Dataset content
____

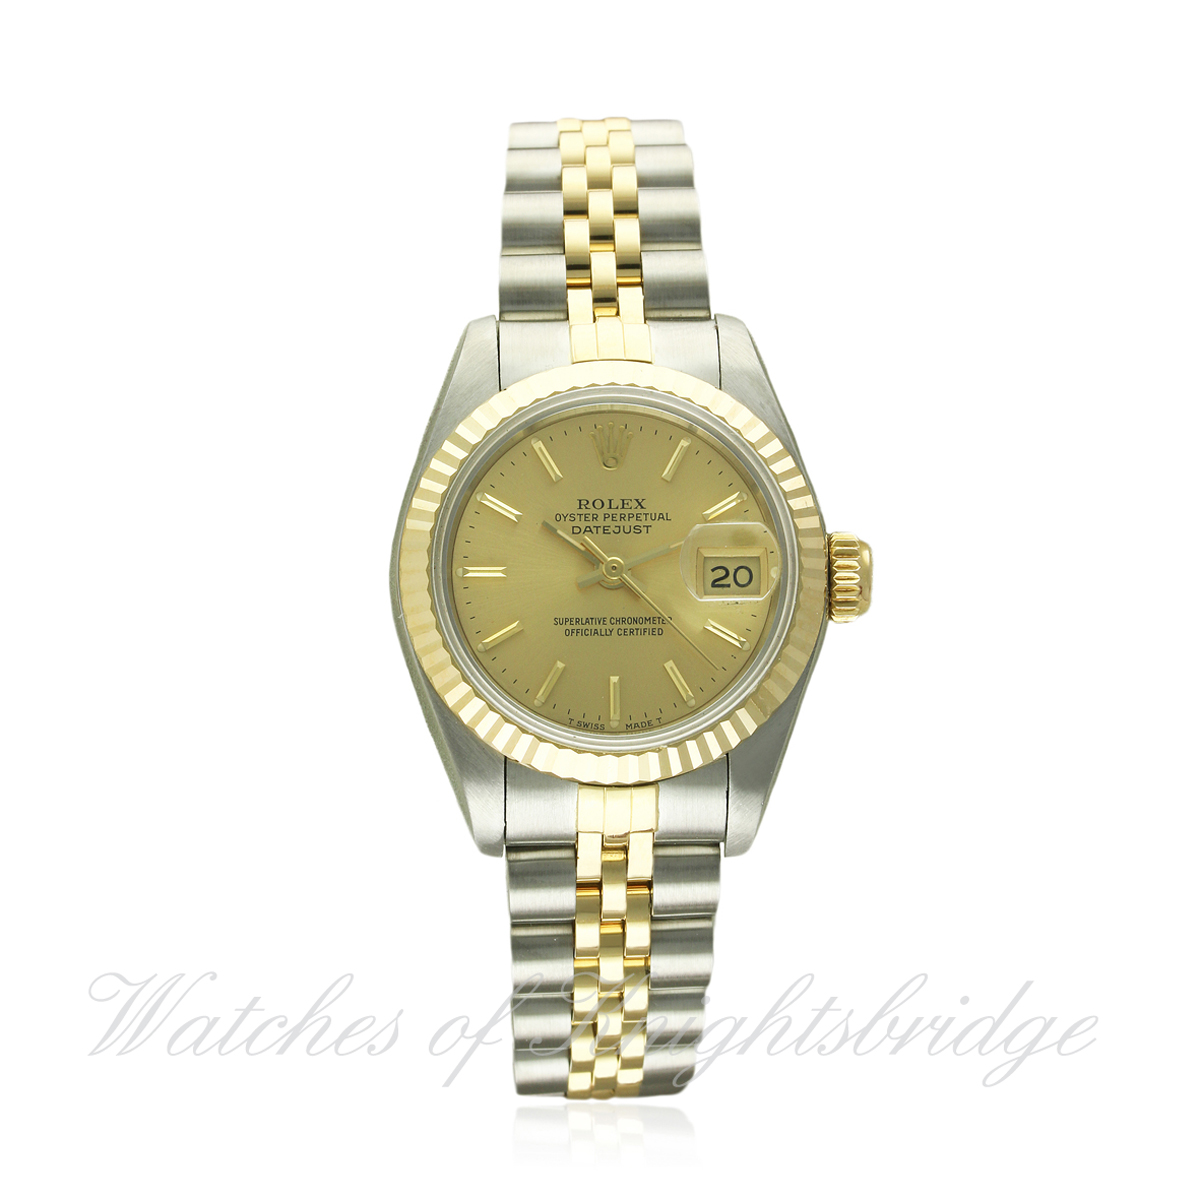 A LADIES STEEL & GOLD ROLEX OYSTER PERPETUAL DATEJUST BRACELET WATCH DATED 1993, REF. 69173 WITH BOX
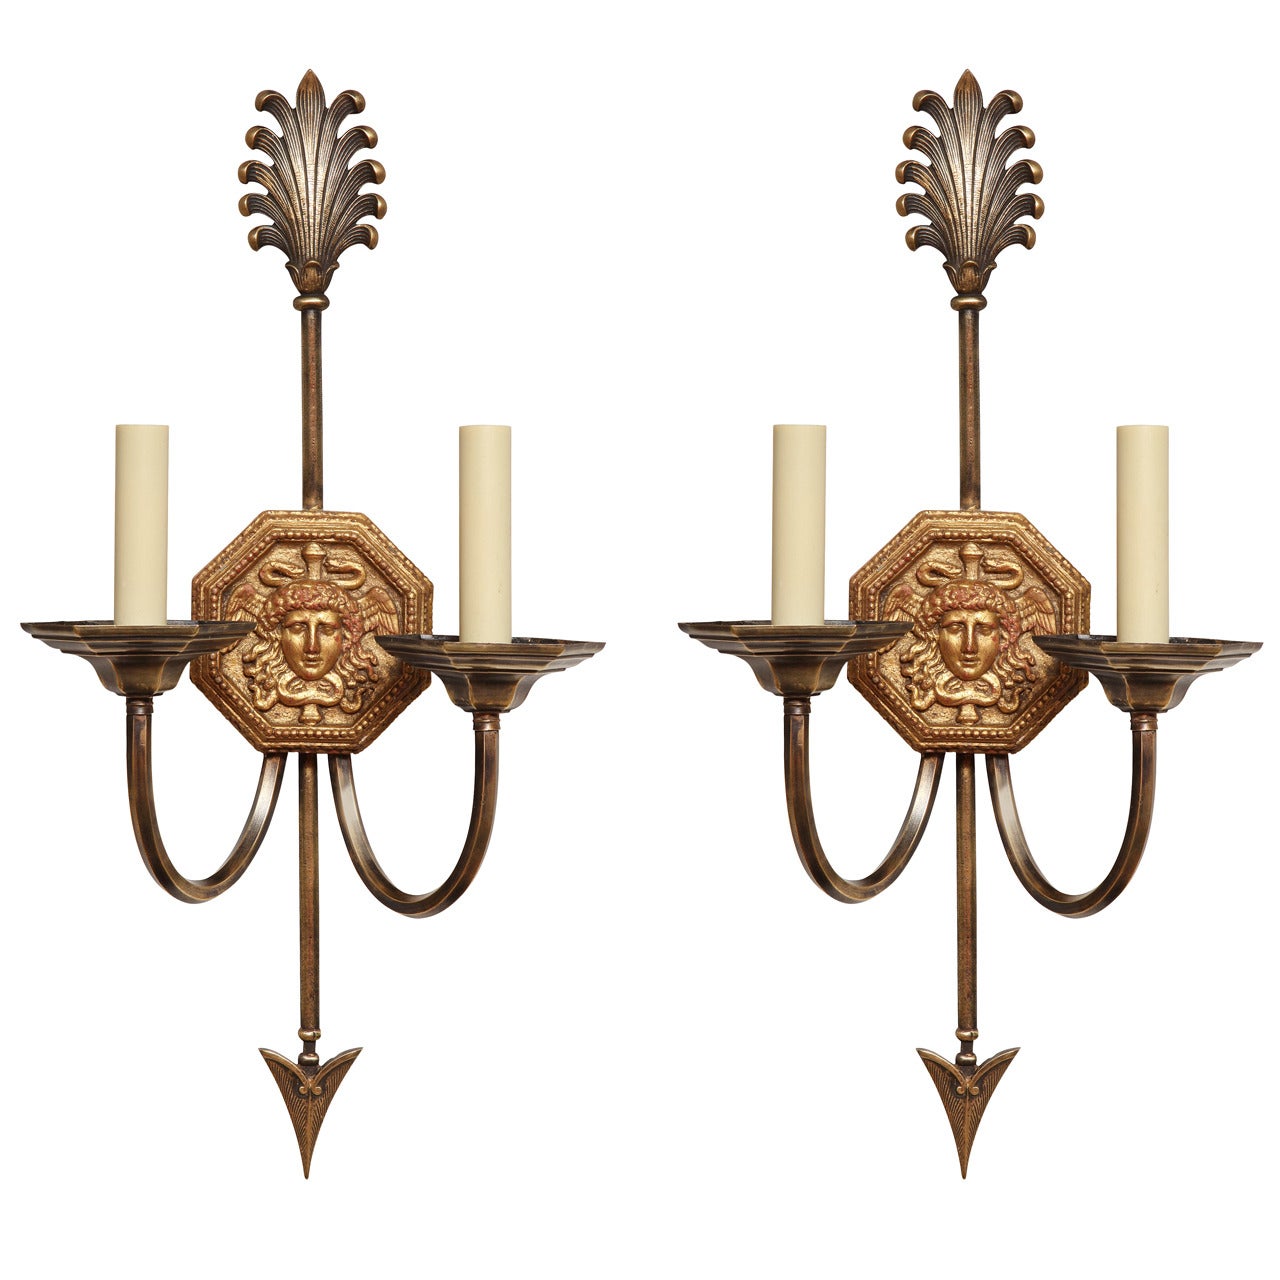 A Pair of Caldwell Two-Light Empire Style Sconces
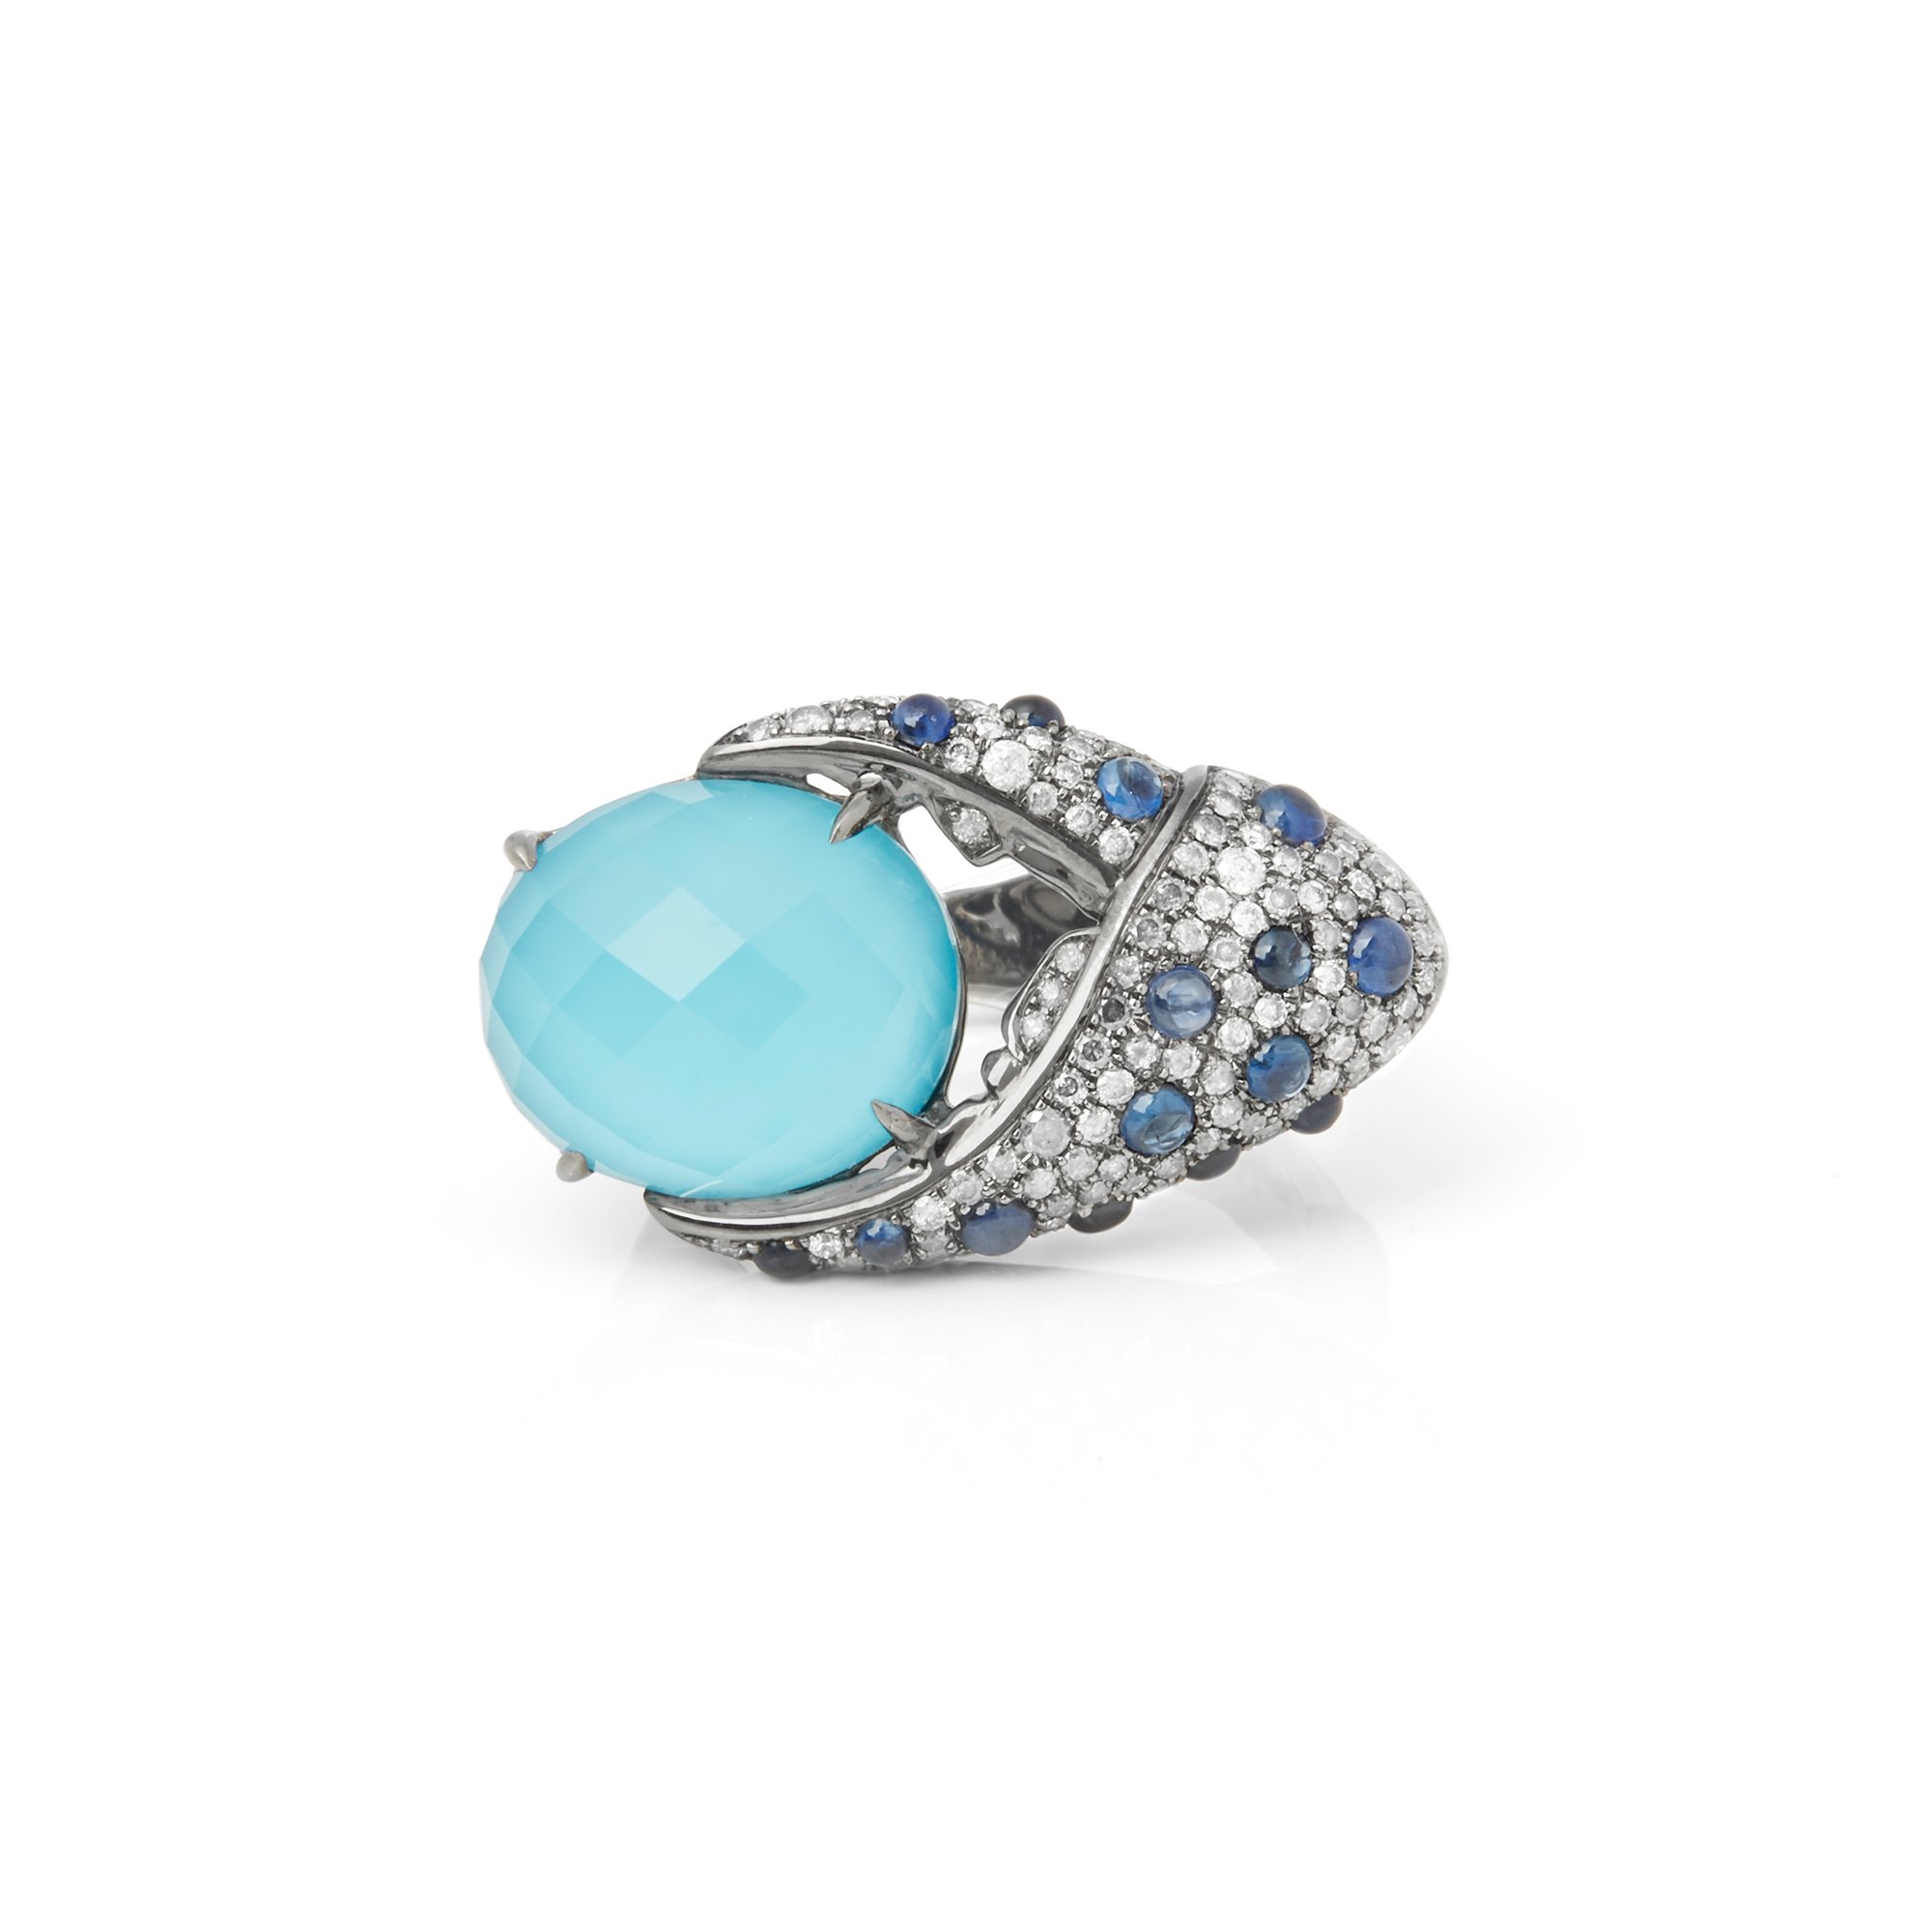 Stephen Webster 18ct White Gold Jewels Verne Turquoise and Blue Sapphire Ring

____

Task
Pictures aside, transcribe exactly the lines from the line containing "A Pair of Caldwell" through the final line of the material above.

Response area
 A Pair of Caldwell Two-Light Empire Style Sconces
 Stephen Webster 18ct White Gold Jewels Verne Turquoise and Blue Sapphire Ring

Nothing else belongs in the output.